• All of our breeding stock have been tested through Paw Print genetics to ensure that we are offering you the best, healthiest puppies.
• Our Merle testing is conducted through Tilia laboratories.
• Many of our kids have had OFA testing completed with others scheduled for more this fall.

READ ON FOR ADDITIONAL DETAILED INFORMATION ABOUT WHAT WE TEST FOR AND WHY!              The following information is from Paw Print Genetics.

Progressive Retinal Atrophy, Progressive Rod-Cone Degeneration:

Other Names: PRA-PRCD, PRCD

Inheritance: Autosomal Recessive

Common Symptoms:

Progressive retinal Atrophy, progressive Rod-cone degeneration (PRA-prcd) is a late onset, inherited eye disease affecting Miniature Australian Shepherds. PRA-prcd occurs as a result of degeneration of both rod and cone type Photoreceptor Cells of the Retina, which are important for vision in dim and bright light, respectively. Evidence of retinal disease in affected dogs can first be seen on an Electroretinogram around 1.5 years of age for most breeds, but most affected dogs will not show signs of vision loss until 3 to 5 years of age or later. The rod type cells are affected first and affected dogs will initially have vision deficits in dim light (night blindness) and loss of peripheral vision. Over time affected dogs continue to lose night vision and begin to show visual deficits in bright light. Other signs of progressive retinal atrophy involve changes in reflectivity and appearance of a structure behind the retina called the Tapetum that can be observed on a veterinary eye exam. Although there is individual and breed variation in the age of onset and the rate of disease progression, the disease eventually progresses to complete blindness in most dogs. Other inherited disorders of the eye can appear similar to PRA-prcd. Genetic testing may help clarify if a dog is affected with PRA-prcd or another inherited condition of the eye.

Breed-Specific Information for the Australian Shepherd

The Mutation of the PRCD gene associated with progressive retinal Atrophy, progressive Rod-cone degeneration has been identified in Australian Shepherds, although its overall frequency in this breed is unknown.

Collie Eye Anomaly:

Other Names Choroidal hypoplasia, CEA, CH

Inheritance: Autosomal Recessive with Variable Expressivity

Common Symptoms:

Collie Eye Anomaly (CEA), also known as choroidal hypoplasia (CH), is an inherited disease affecting several dog breeds including the Australian shepherd.
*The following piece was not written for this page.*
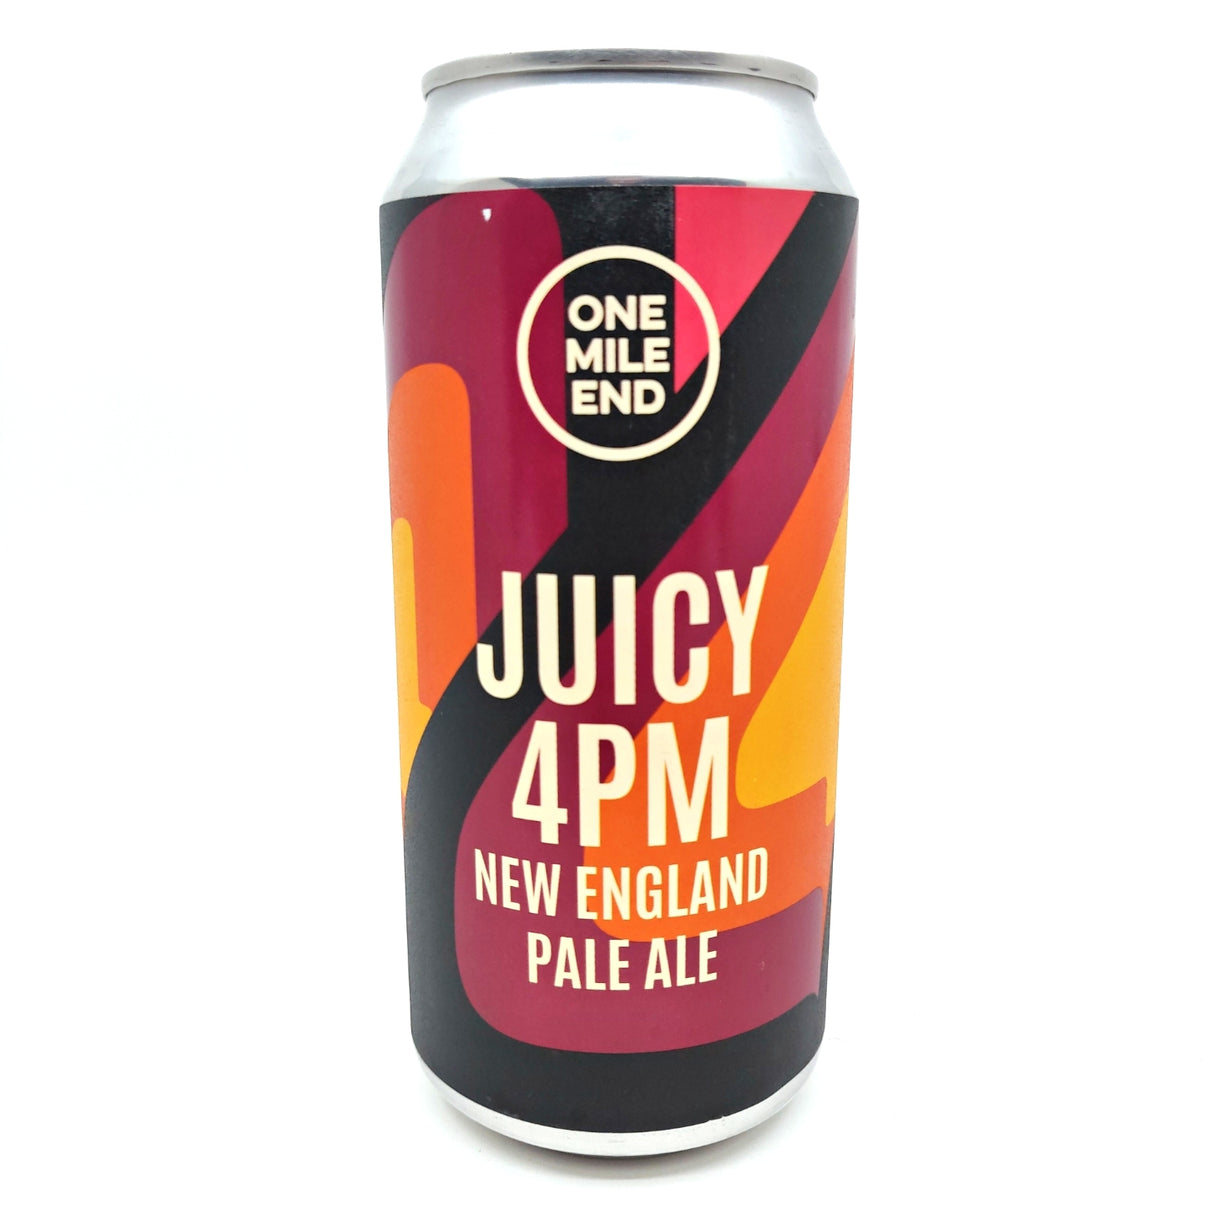 One Mile End Juicy 4pm New England Pale Ale 4.9% (440ml can)-Hop Burns & Black

The choroid is the layer of tissue in the eye responsible for supplying blood and nutrients to the Retina. In dogs affected with CEA, the choroid does not develop properly and is therefore thinner than normal. The severity of the condition can vary from dog to dog. In mild cases, affected dogs may only show signs of collie eye anomaly on eye exam between about 5 and 12 weeks of age, just prior to normal, age-related pigmentation of the retina which often masks the characteristic, disease-related changes. After this time period, mildly affected dogs may be impossible to distinguish from normal dogs on eye exam (a phenomenon often referred to as “going normal”) and may not display obvious vision deficits. In more severely affected dogs, clinical signs include malformations of the eye and/or optic nerve (colobomas), retinal detachment, intraocular bleeding, and subsequent blindness. Both mild and severe forms of CEA are associated with the same NHEJ1 gene Mutation. Therefore, predicting the potential severity of the disease in an affected puppy is difficult as mildly affected parents may produce offspring that are severely affected.

Breed-Specific Information for the Australian Shepherd

The Mutation of the NHEJ1 gene associated with collie eye anomaly has been identified in the Australian shepherd. Though the frequency of the gene mutation in the overall Australian shepherd population is unknown, in one study of 223 Australian Shepherd dogs from Australia, 4% were found to be affected with collie eye anomaly.

Degenerative Myelopathy:

Other Names: Canine degenerative myelopathy, DM

Inheritance: Autosomal Recessive with Incomplete Penetrance

Common Symptoms:

Degenerative Myelopathy caused by Mutation of the SOD1 gene is an inherited neurologic disorder of dogs. This mutation is found in many breeds of dog, including the Australian shepherd. While it is not clear for some of the other breeds, Australian shepherds are known to develop degenerative myelopathy associated with this mutation. The variable presentation between breeds suggests that there are environmental or other genetic factors responsible for modifying disease expression. The average age of onset for dogs with degenerative myelopathy is approximately nine years of age. The disease affects the White Matter tissue of the spinal cord and is considered the canine equivalent to amyotrophic lateral sclerosis (Lou Gehrig’s disease) found in humans. Affected dogs usually present in adulthood with gradual muscle Atrophy and loss of coordination typically beginning in the hind limbs due to degeneration of the nerves. The condition is not typically painful for the dog, but will progress until the dog is no longer able to walk. The gait of dogs affected with degenerative myelopathy can be difficult to distinguish from the gait of dogs with hip dysplasia, arthritis of other joints of the hind limbs, or intervertebral disc disease. Late in the progression of disease, dogs may lose fecal and urinary continence and the forelimbs may be affected. Affected dogs may fully lose the ability to walk 6 months to 2 years after the onset of symptoms. Affected medium to large breed dogs, such as the Australian shepherd, can be difficult to manage and owners often elect euthanasia when their dog can no longer support weight in the hind limbs.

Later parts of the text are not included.